| Activity |
One exact copy of the listing is needed. It should contain no pictures.

| Dataset extract |
┏━━

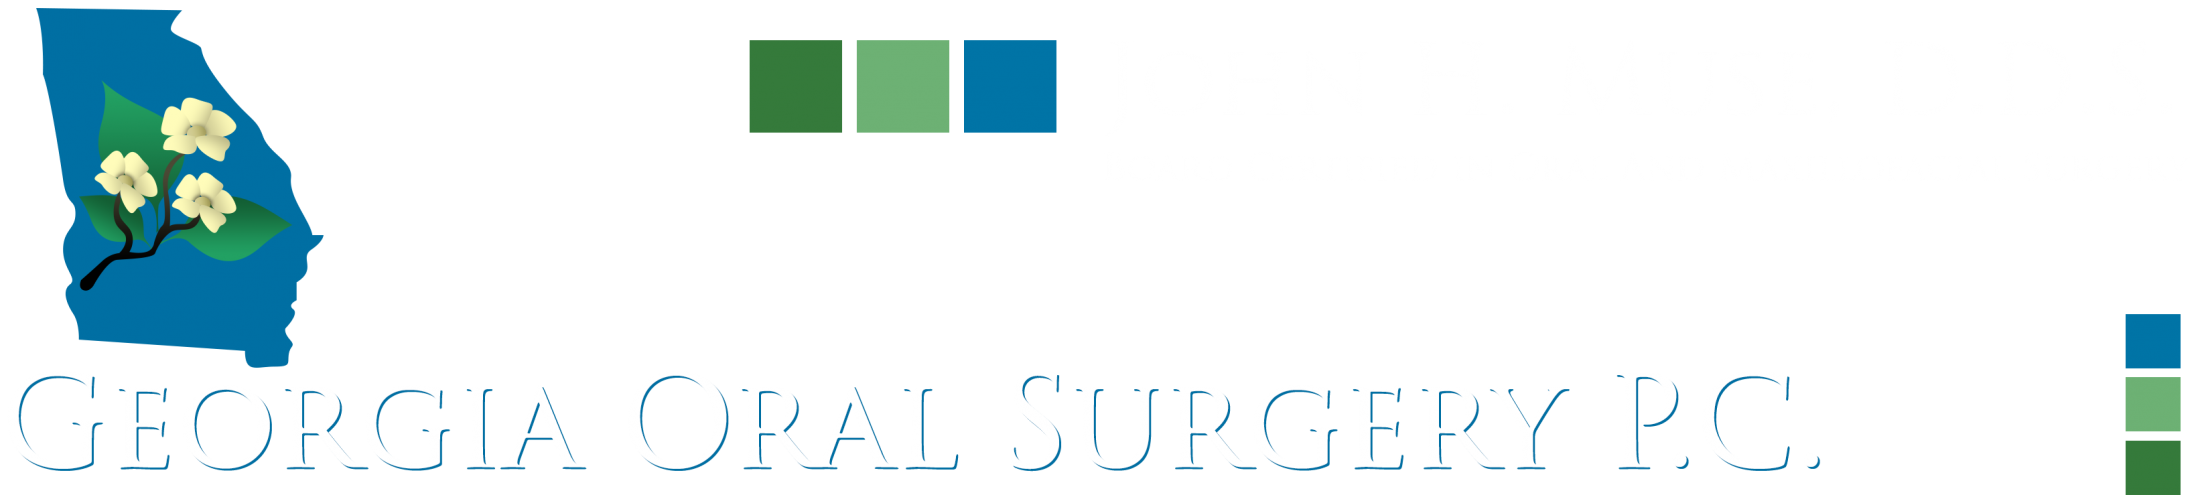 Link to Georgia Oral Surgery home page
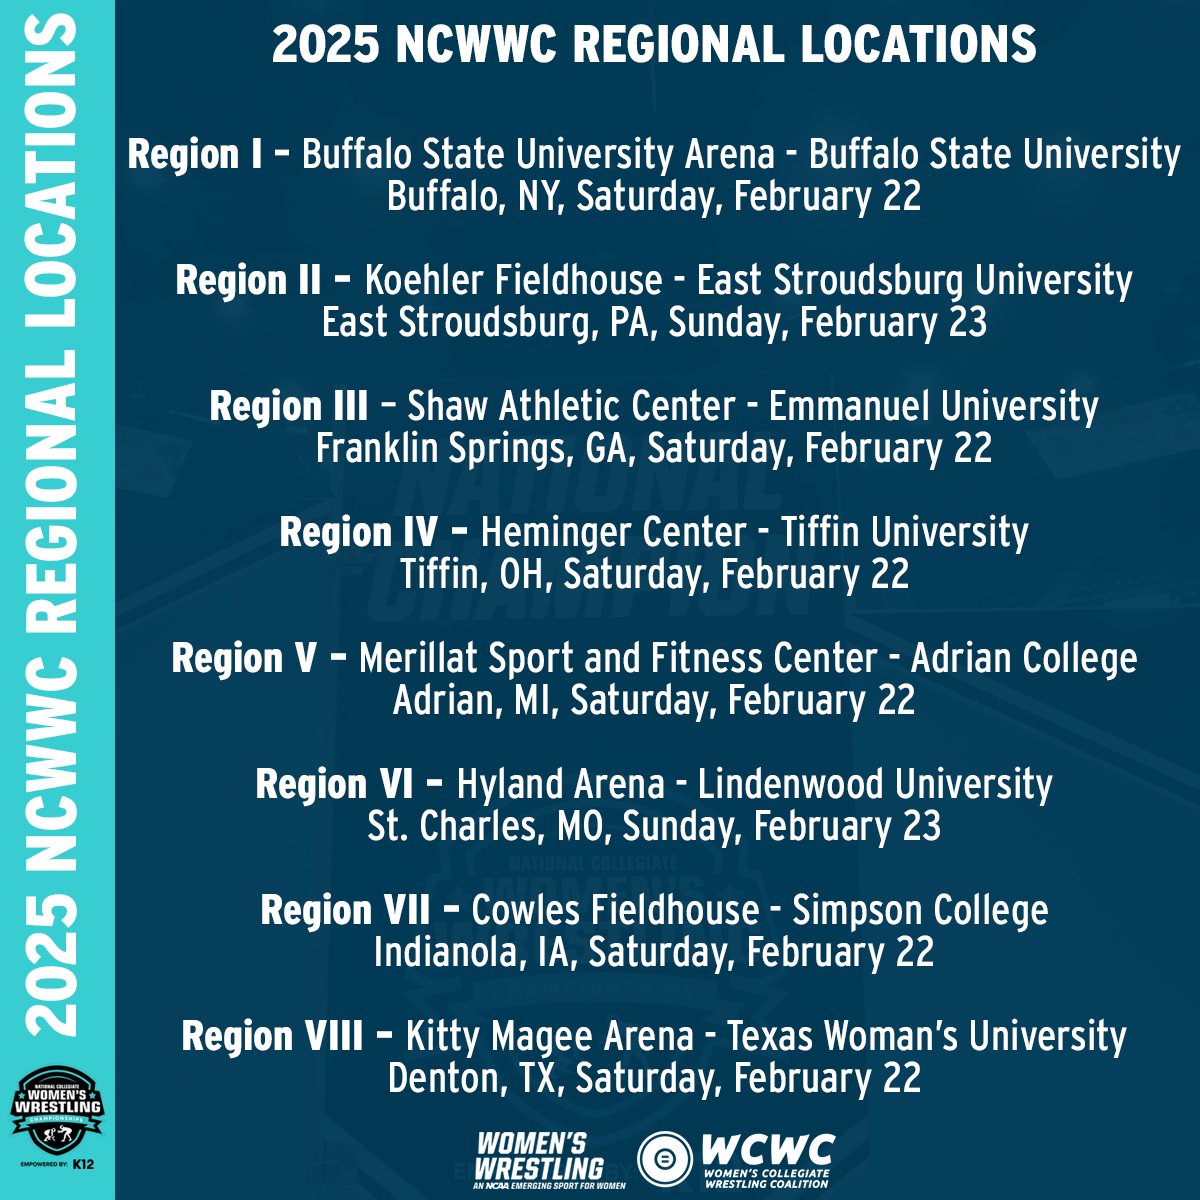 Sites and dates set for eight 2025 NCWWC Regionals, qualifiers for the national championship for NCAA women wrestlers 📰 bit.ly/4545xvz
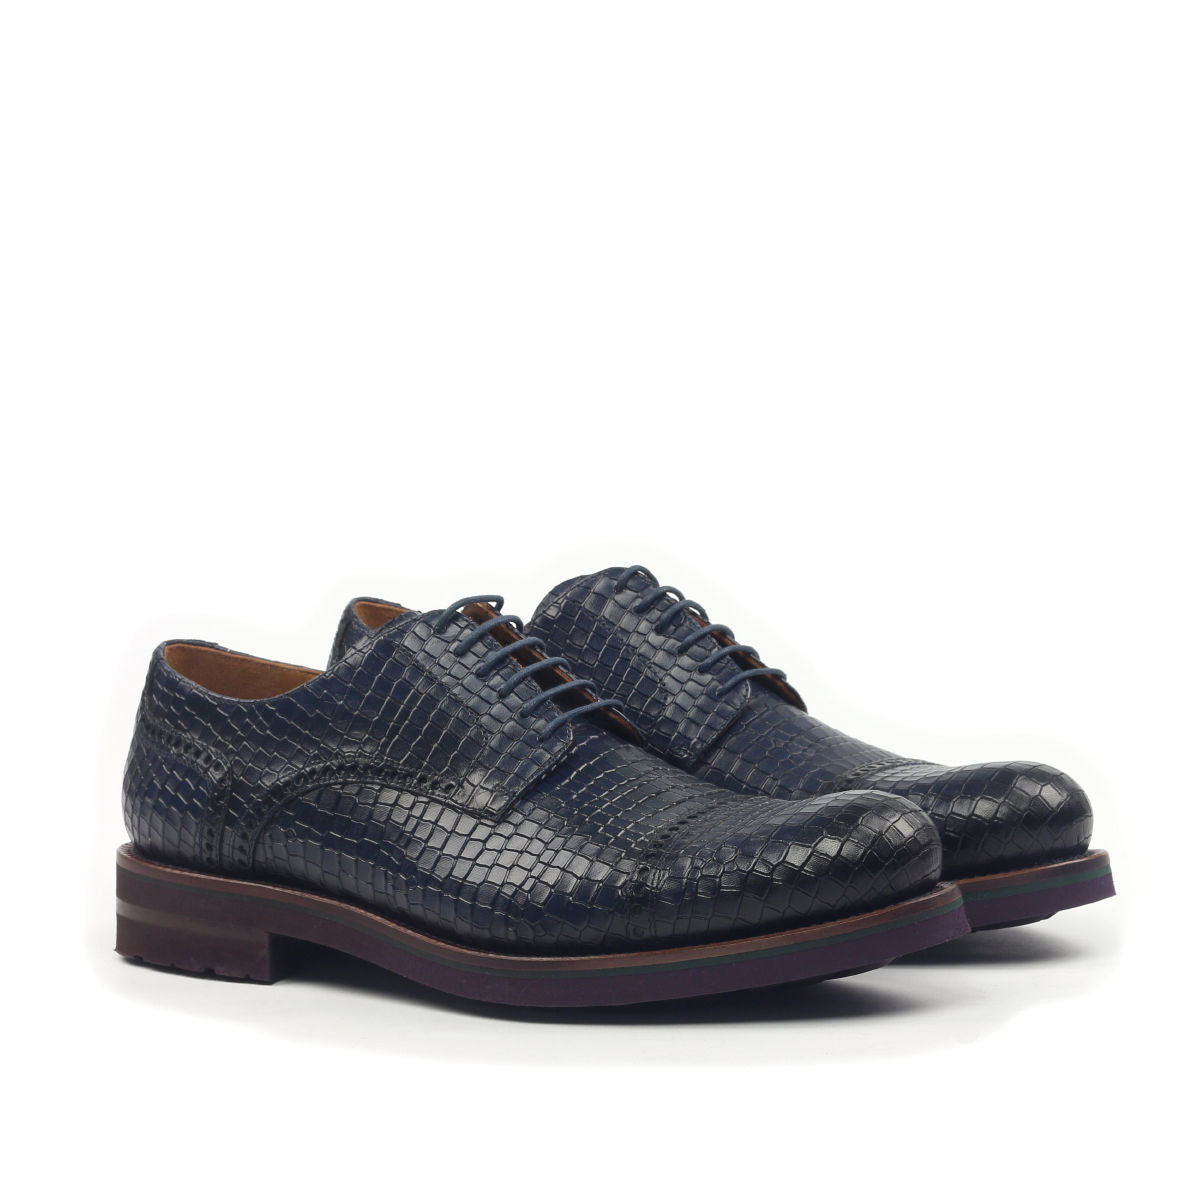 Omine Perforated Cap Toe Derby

┗━━

| Output |
 Link to Georgia Oral Surgery home page
 Sites and dates set for eight 2025 NCWWC Regionals, qualifiers for the national championship for NCAA women wrestlers 📰 bit.ly/4545xvz
 Omine Perforated Cap Toe Derby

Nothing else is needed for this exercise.